The auxiliary current of clean gas carries the adsorbent, porous and finely divided material onto the surface(s) of the filter, where it forms a protective coating. Subsequently, the auxiliary current of clean gas is replaced by the gaseous current which carries the product which is to be removed. This product does not reach the surface(s) of the filter but forms a deposit on the protective coating of finely divided material.

When a certain thickness of the product to be removed has formed on the protective coating, the coating with this deposit is preferably detached from the surface(s) of the filter by, for example, deforming or shaking the filter surface(s).

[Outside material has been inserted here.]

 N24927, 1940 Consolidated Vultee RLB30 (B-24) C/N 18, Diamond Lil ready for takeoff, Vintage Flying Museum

Preferably, the adsorbent, porous and finely divided material is initially introduced into a clean gaseous current, travelling upwards in a flow-pipe to the filter, and forms a dense suspension in this flow-pipe. The introduction of the adsorbent, porous and finely divided material into the flow-pipe is preferably effected downstream of a venturi constriction incorporated in the said flow-pipe. The rate of supply of the adsorbent, porous and finely divided material is adapted to the flow rate of the current of gas in the flow-pipe, so that the adsorbent material forms there downstream of the venturi constriction a suspension stratum whose particles are carried progressively to the top of the flow-pipe, so avoiding displacement of material against the current in the flow-pipe.

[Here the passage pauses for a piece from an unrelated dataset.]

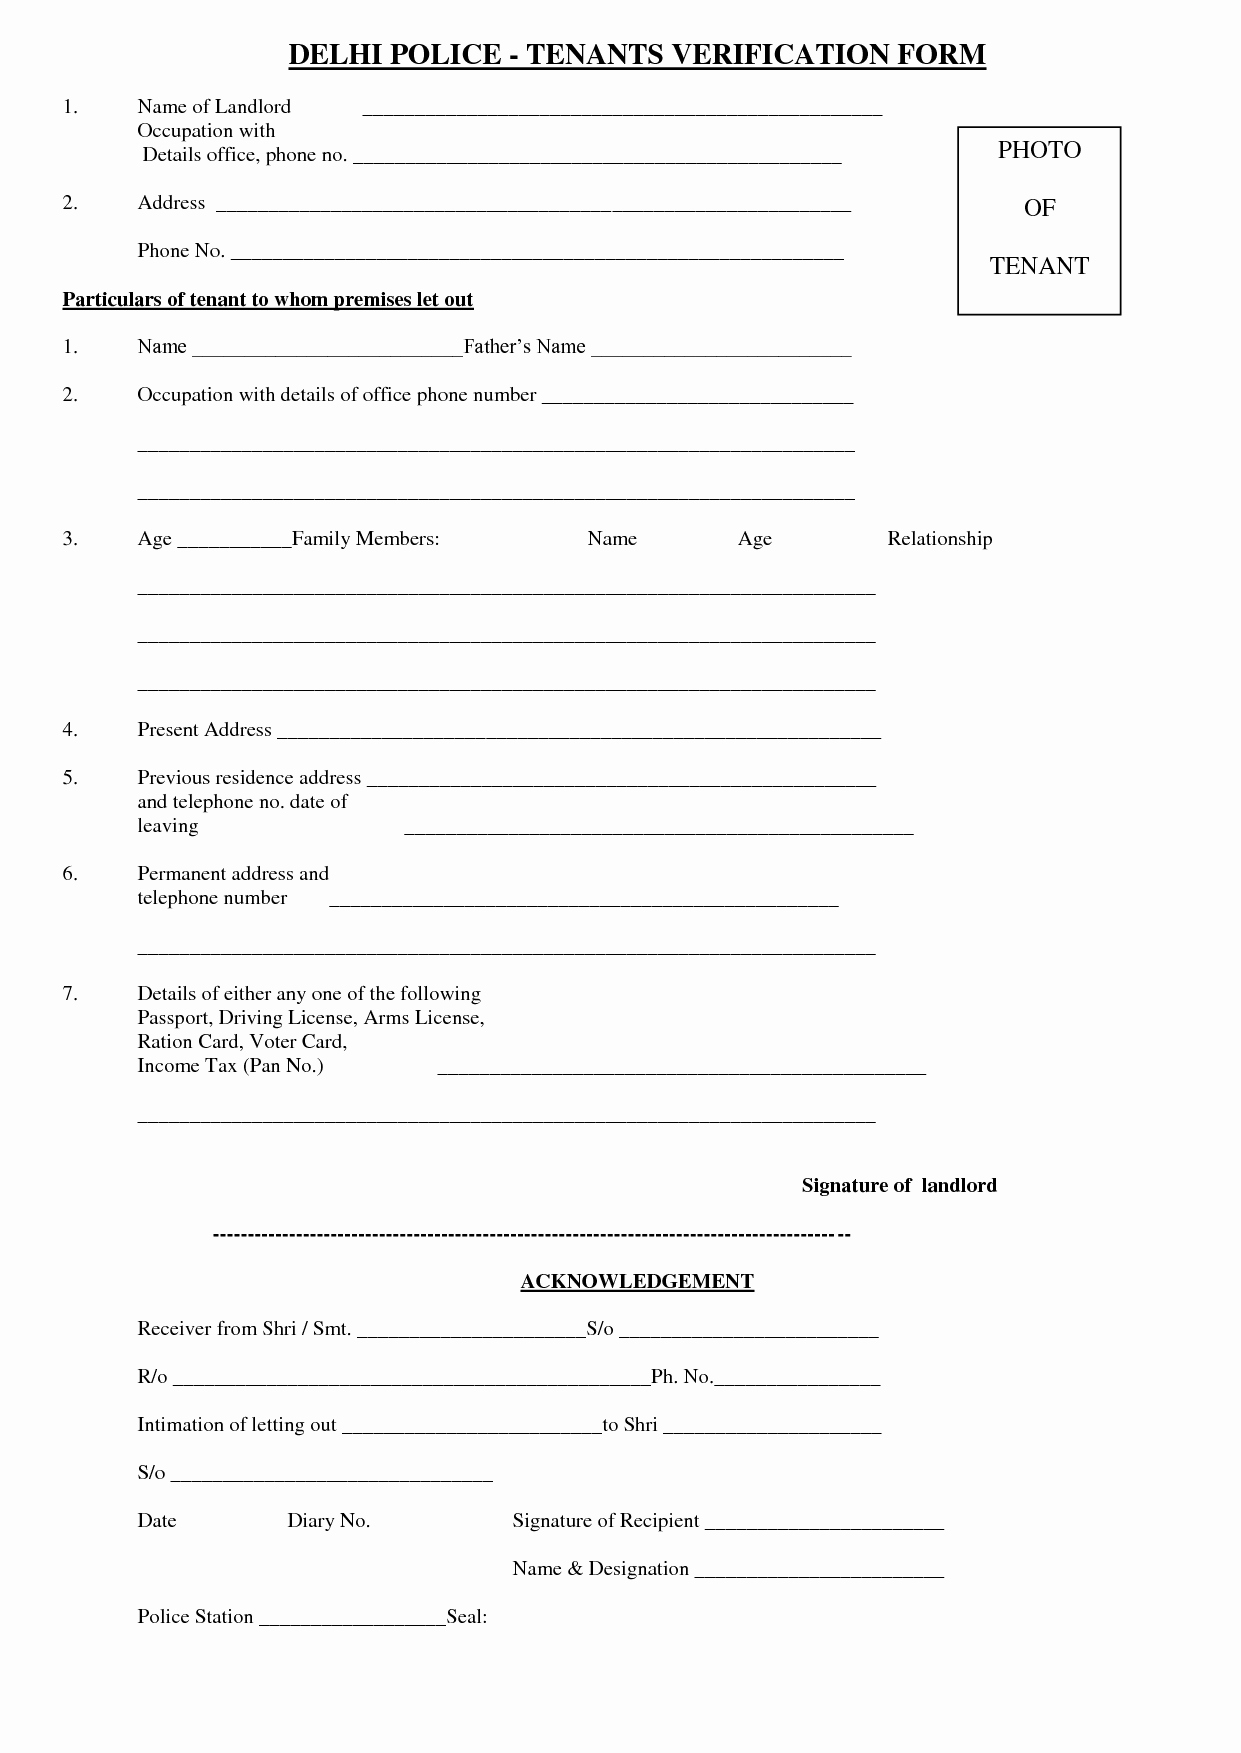 Landlord Verification form Template Awesome Best S Of Landlord Verification form Free Rental

Preferably, the surface(s) of the filters are periodically deformed or shaken so that the mixture comprising the adsorbent, porous and finely divided material and the sticky product is detached, and at least a portion of the detailed mixture is reinjected into the flowpipe. Saturation of the adsorbent, porous and finely divided material by the sticky product which is to be removed can thus be achieved.

Furthermore, if the sticky product which is to be removed from the exhaust product and the adsorbent, porous and finely divided material are utilisable in the process which results in this exhaust product, at least a portion of the said mixture which is detached from the filtering surface(s) can be returned to the installation in which the said process is being carried out.

Thus, an important economy is achieved, since the adsorbent, porous and finely divided material and the sticky product are finally utilised in the installation in question. For example, this economising step can be carried out where the installation uses carbon, the sticky product is a tar and the said adsorbent, porous and finely divided material is coke.

A method embodying the present invention will now be described, solely by way of example, with reference to the single figure of the accompanying drawing, which represents schematically equipment for carrying out the method.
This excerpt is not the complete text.